WHAT THE EXERCISE ASKS - Excluding pictures, what does the listing below contain from the line with "House Designs Kitchen" up to and including the line with "Together We Can", word for word?

DATA FOR THIS TASK -
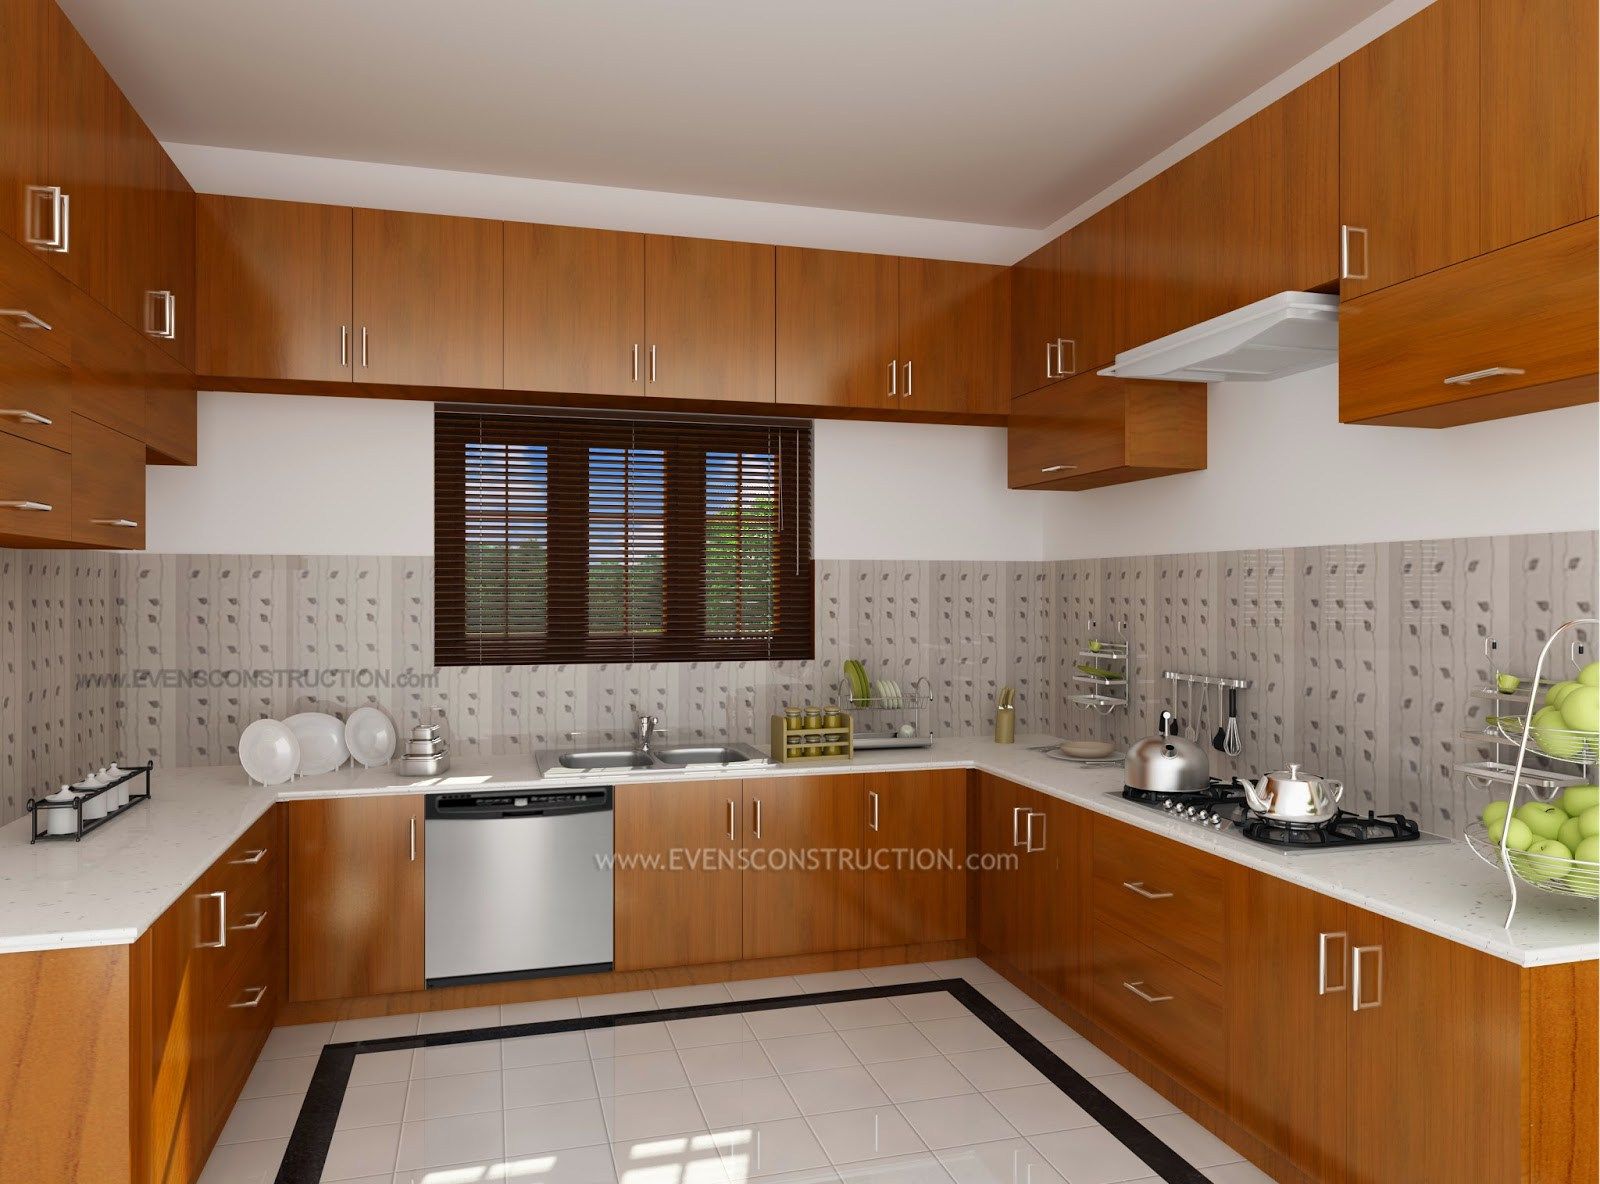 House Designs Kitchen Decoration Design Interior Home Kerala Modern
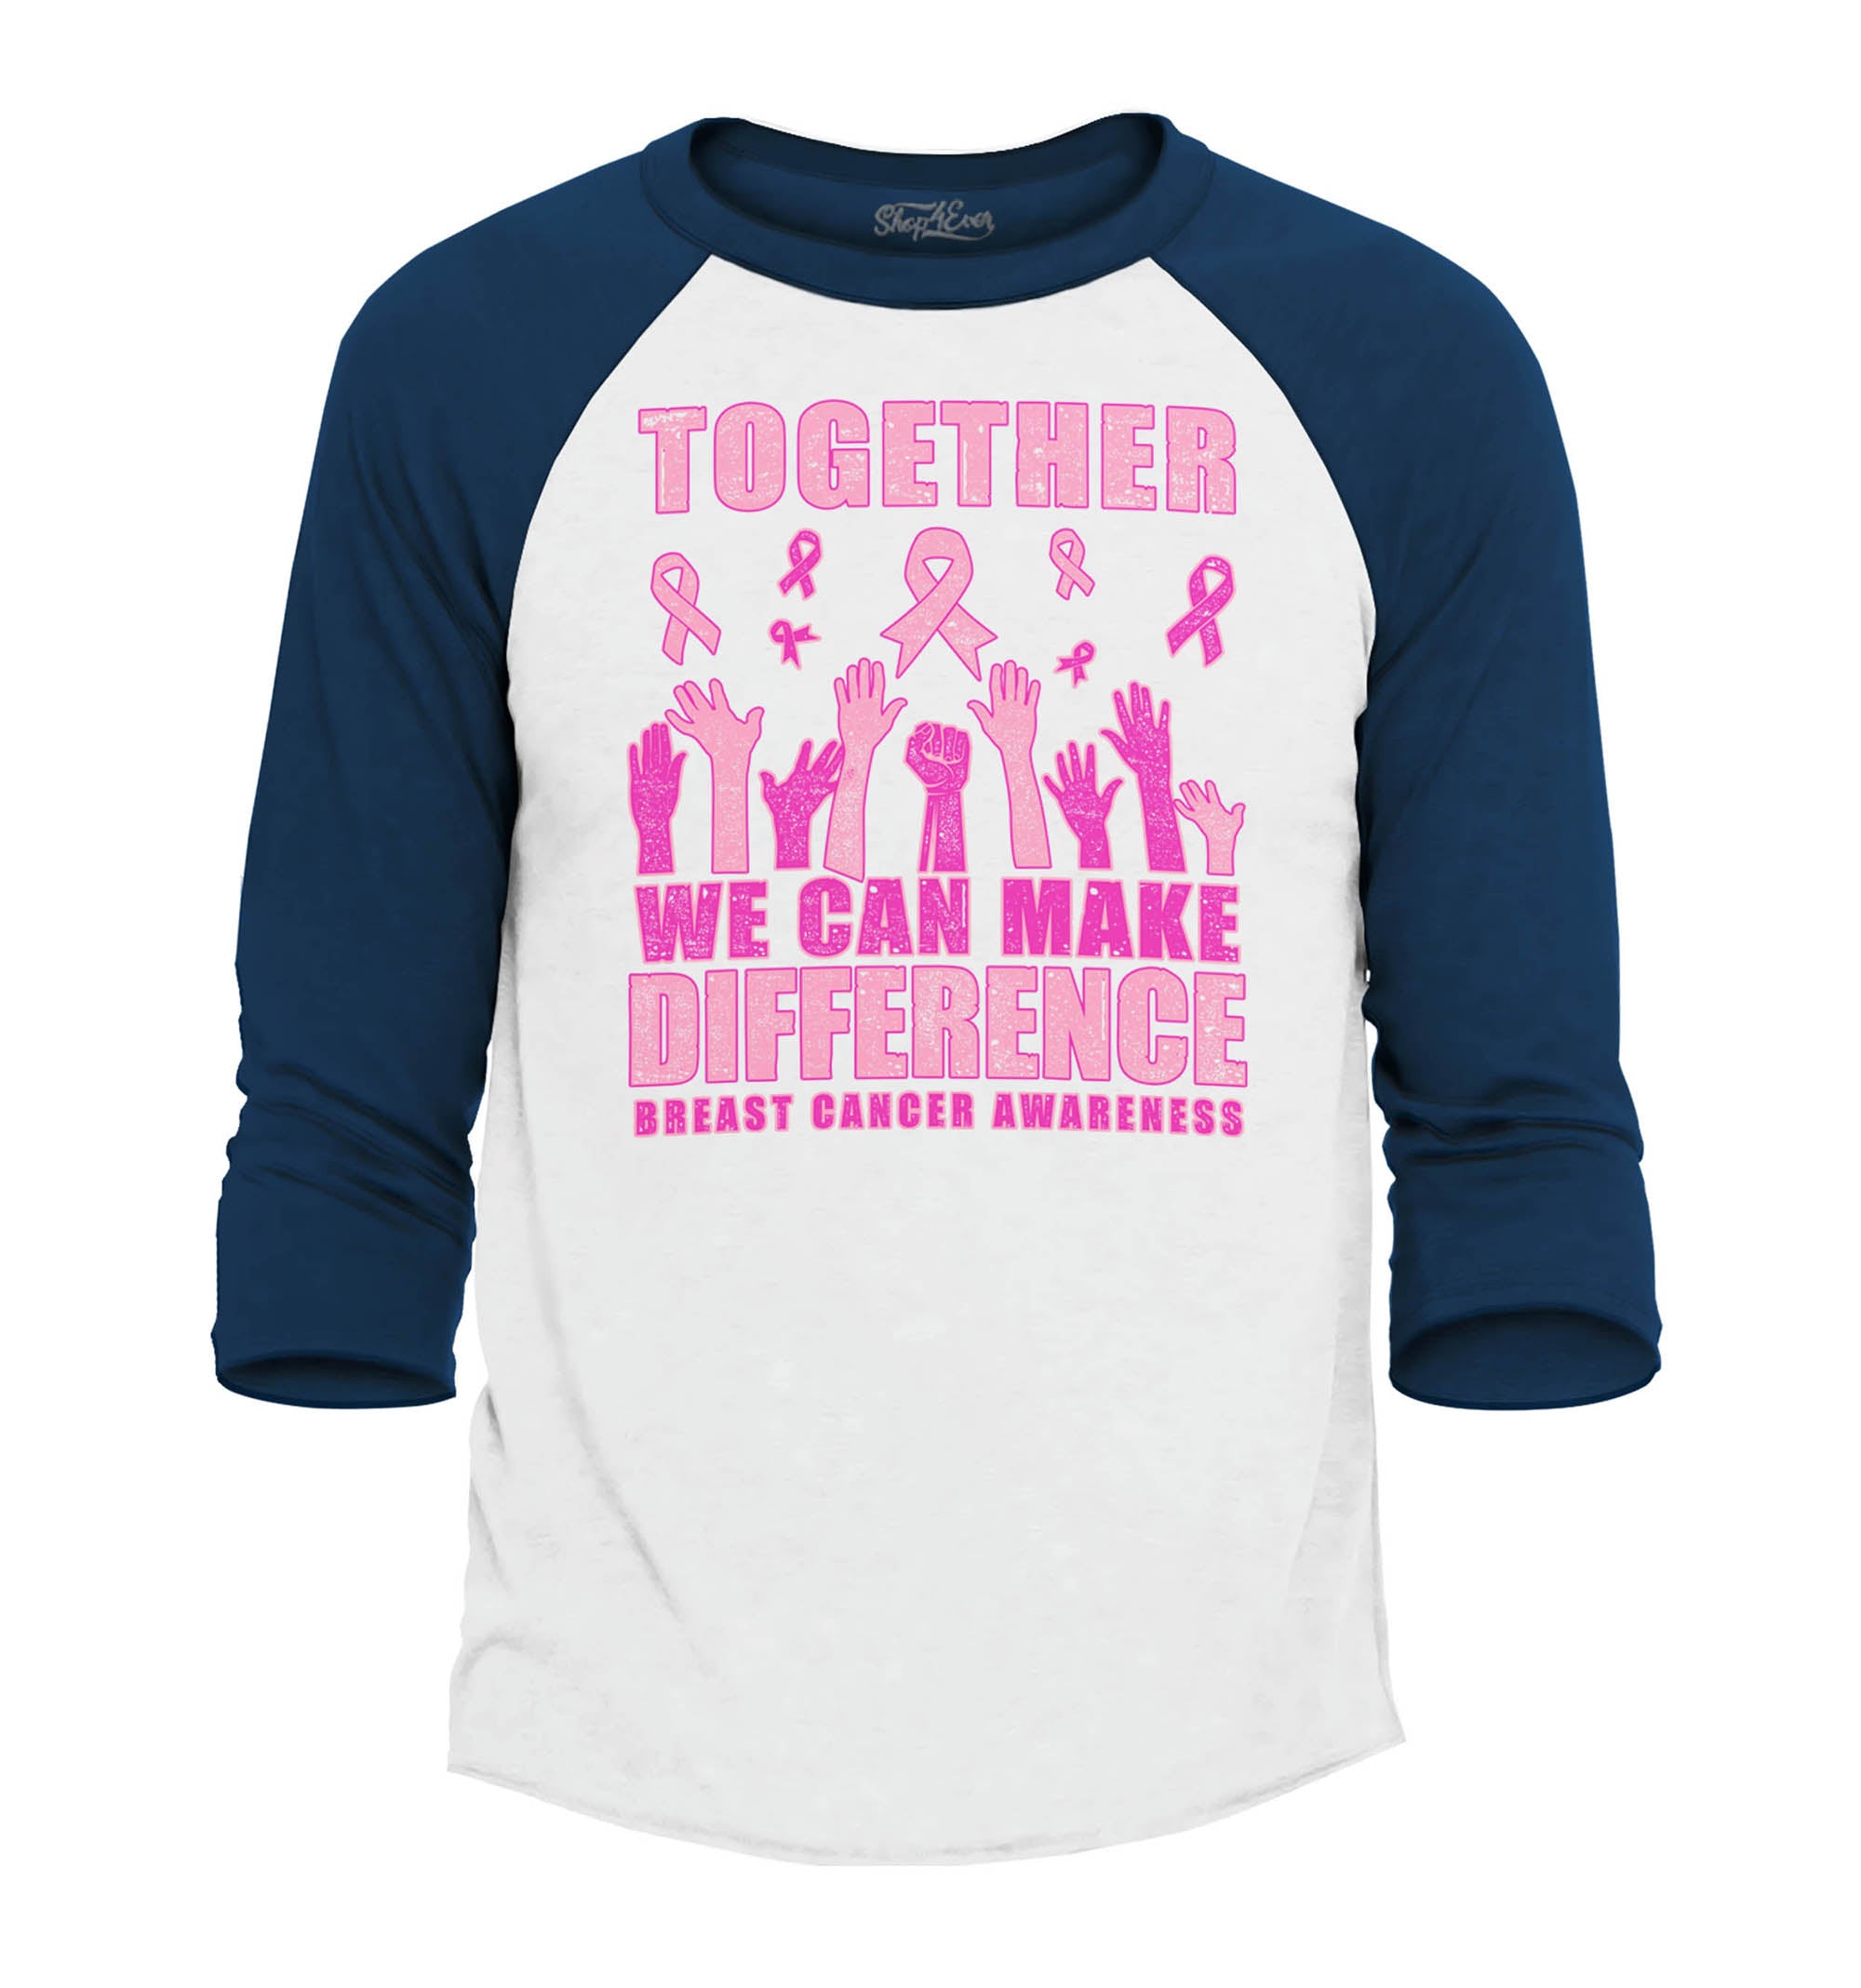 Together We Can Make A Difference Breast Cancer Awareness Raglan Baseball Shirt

==

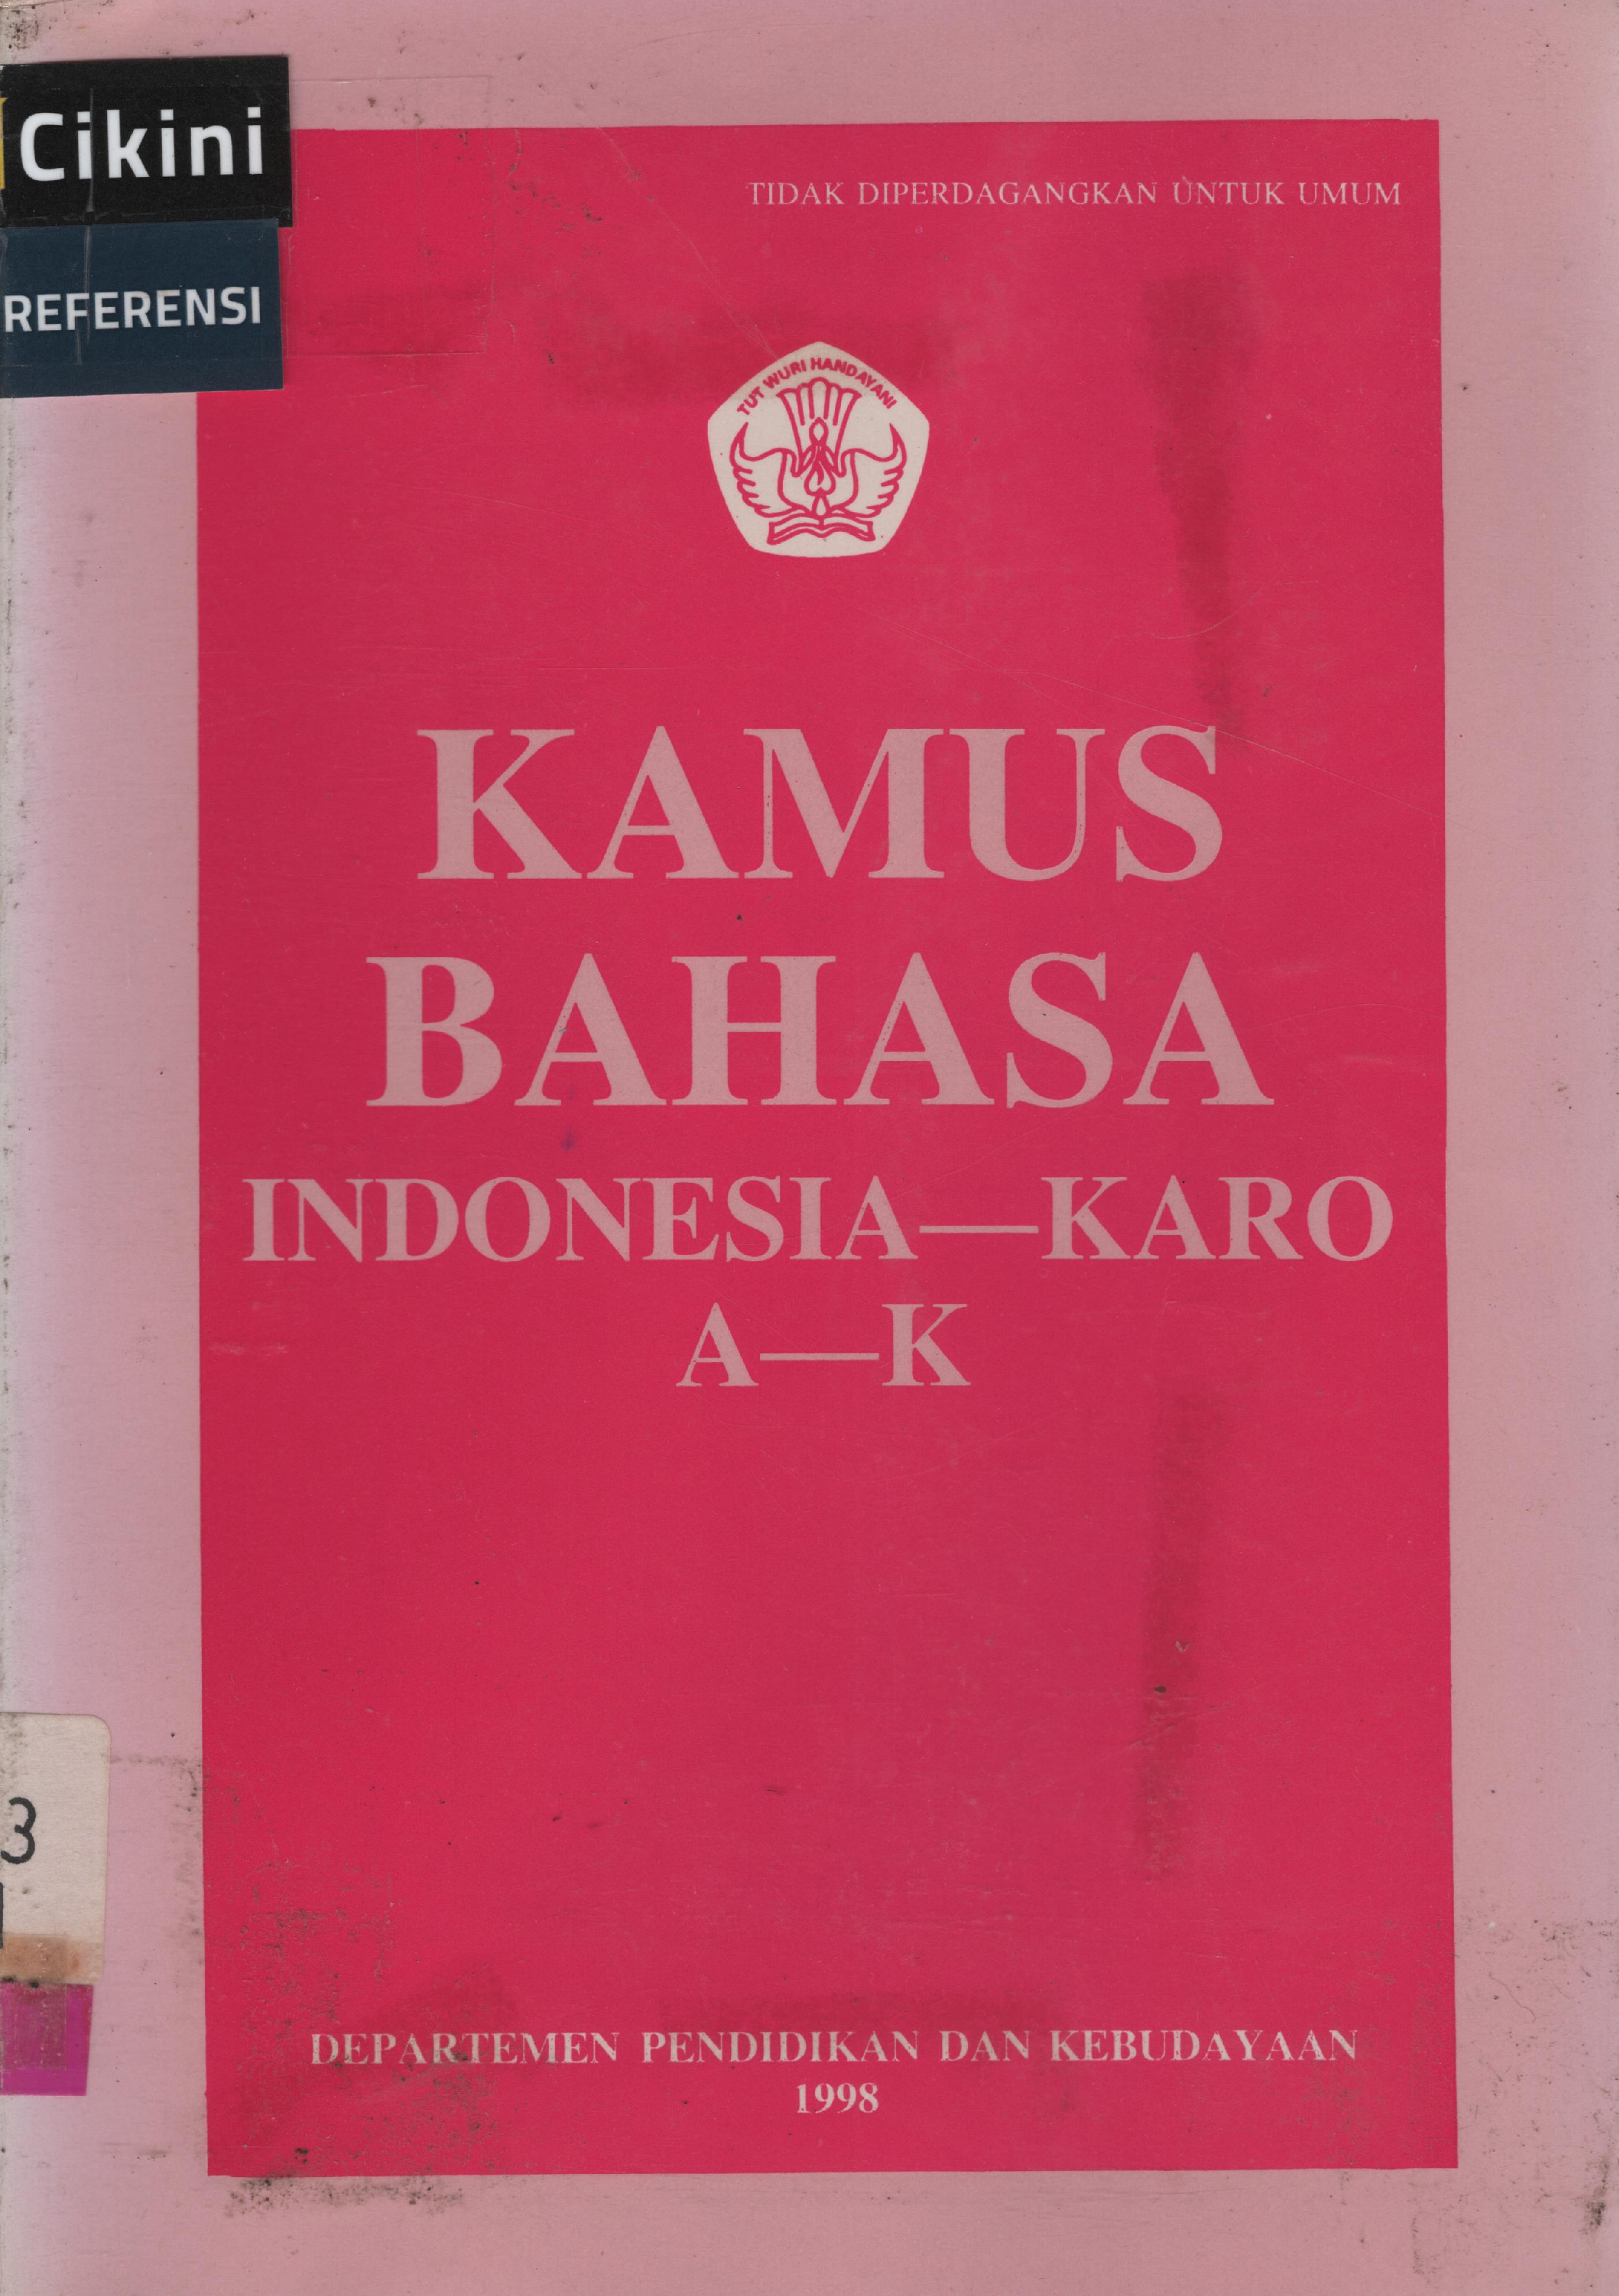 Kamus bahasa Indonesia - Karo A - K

EXERCISE SOLUTION -
 House Designs Kitchen Decoration Design Interior Home Kerala Modern
 Together We Can Make A Difference Breast Cancer Awareness Raglan Baseball Shirt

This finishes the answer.